Aug 15 11:12:40 ZJHZ-PS-CMREAD-SV-VGOP1-INT-SD kernel: UP_D:[9513221983] UP_done:C0P0L0,r=8000002,MPP_CHECK_CONDITION,sk=6,ASC/ASCQ=3f/e,SN:317527644.
There always be IO error of sde or sdf disk before VCS error everytime, mirror of these two disks are deleted
Host would distribute IO to LUN after mirror deleted, it is doubted that do not run hot_add after LUN is deleted, host do not know these two disks are deleted (as below, mirror is deleted in host time 11:12:40, but hot_add command run at 12:09)

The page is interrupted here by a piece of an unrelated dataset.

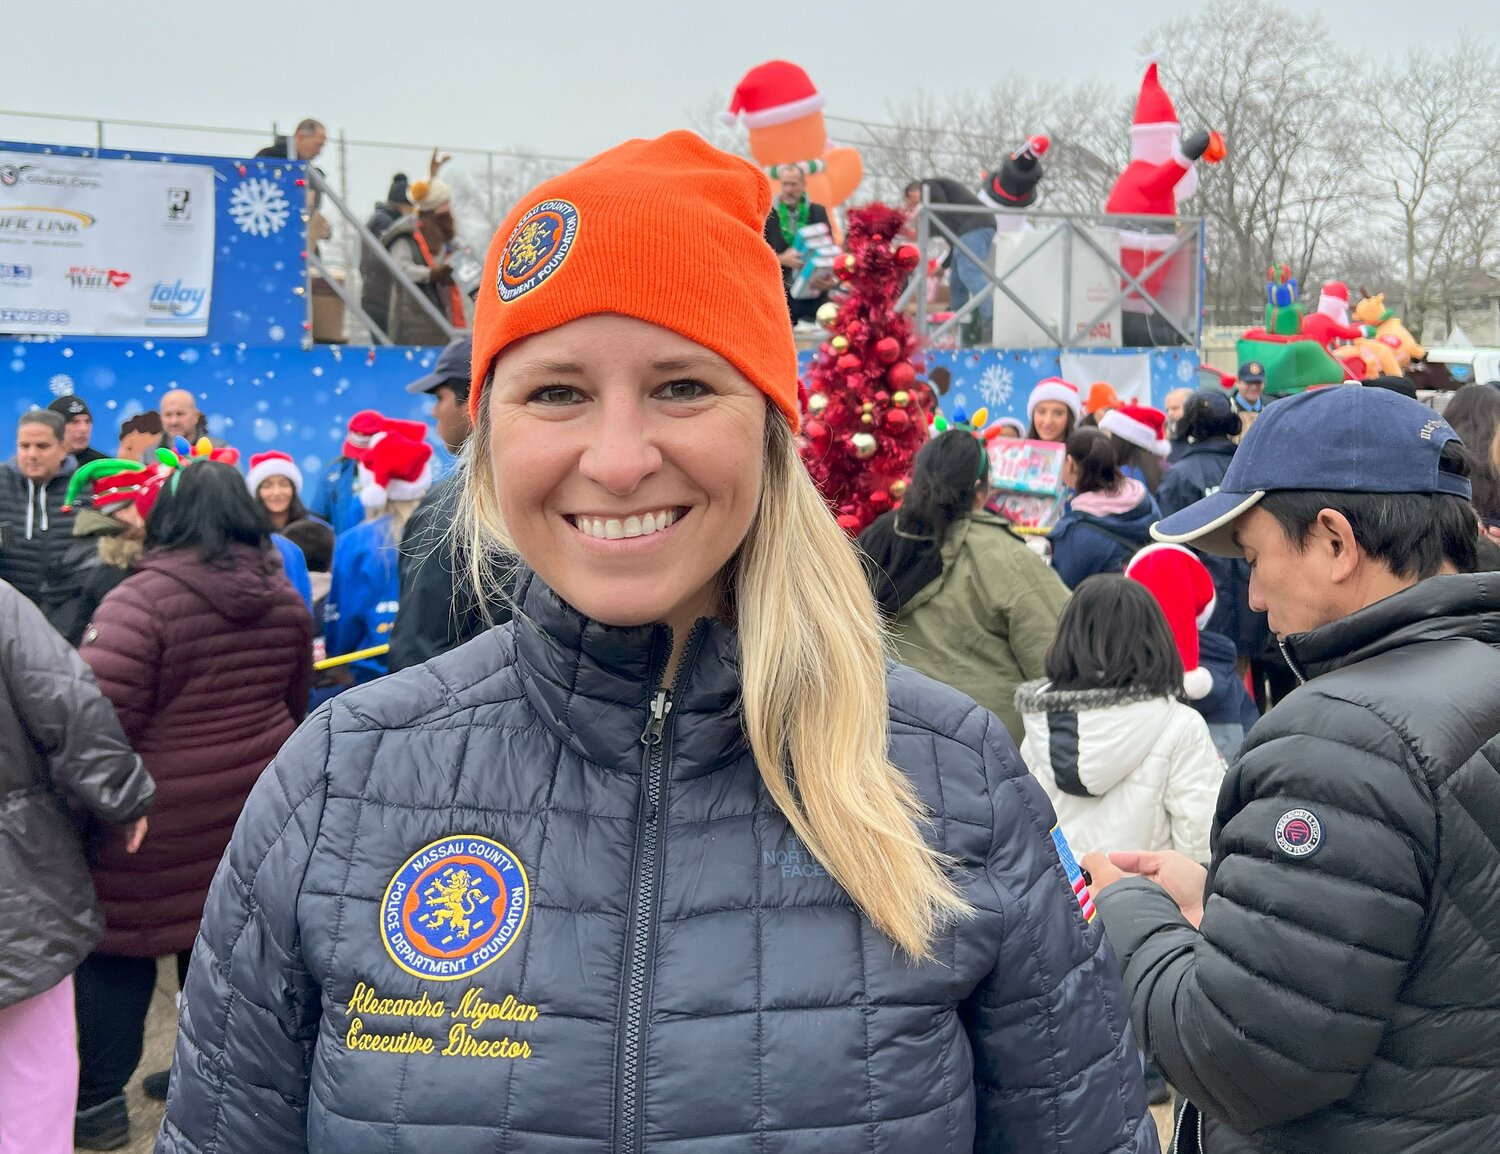 Alexandra Nigolian, executive director of the Nassau County Police Department Foundation, said this year’s toy giveaway is the foundation’s seventh, and that each district was asked to bring 1,000 of its neediest children to a designated location to receive toys.
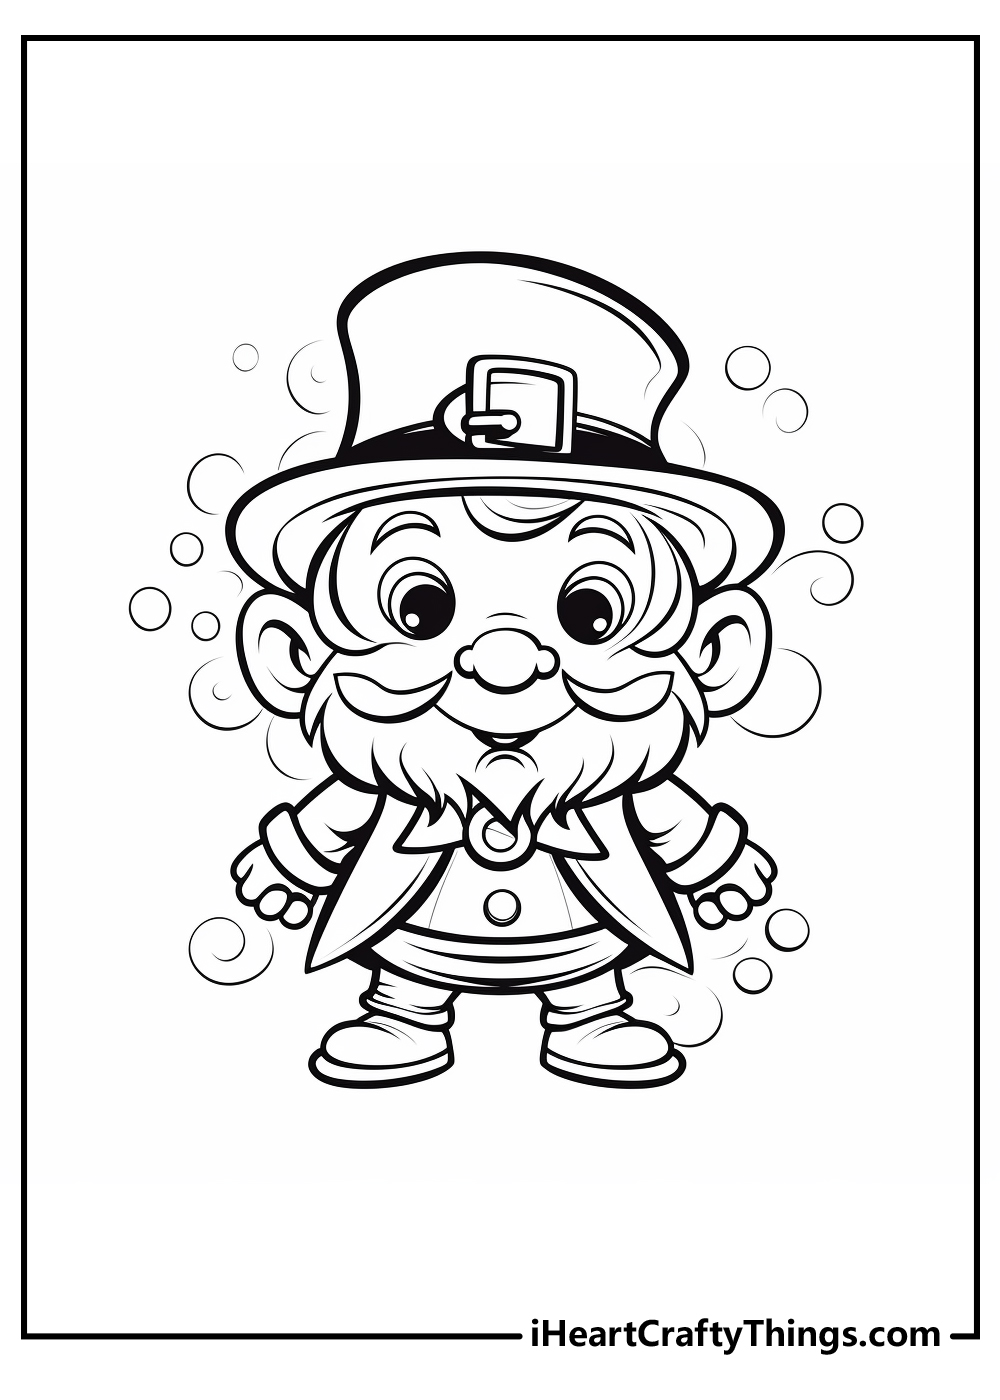 Leprechaun coloring pages updated

//Aug 15 11:11:19 ZJHZ-PS-CMREAD-SV-VGOP1-INT-SD kernel: UP_D:[9513201720] mppLnx_UpdateLUN: hot_add get ReportLun info for array 0
/Aug 15 12:09:52 ZJHZ-PS-CMREAD-SV-VGOP1-INT-SD kernel: UP_D:[9514079709] mppLnx_UpdateLUN: hot_add get ReportLun info for array 0
It is possible that vg_monitor supervise that there is error information in two deleted disk path, and that cause two-node switching. There is vg_monitor script in below, please confirm
vgscan 2>&1 |grep "error"
if [ $? == 0 ]
then
VCSAG_LOG_MSG "E" "There may be some error in the VG,please check it" 30
exit 100
fi


Suggestions

Recommend: after lun capacity expansion or lun deleted, please run hot_add at host in time to rescan disk, in case unnecessary problem happen.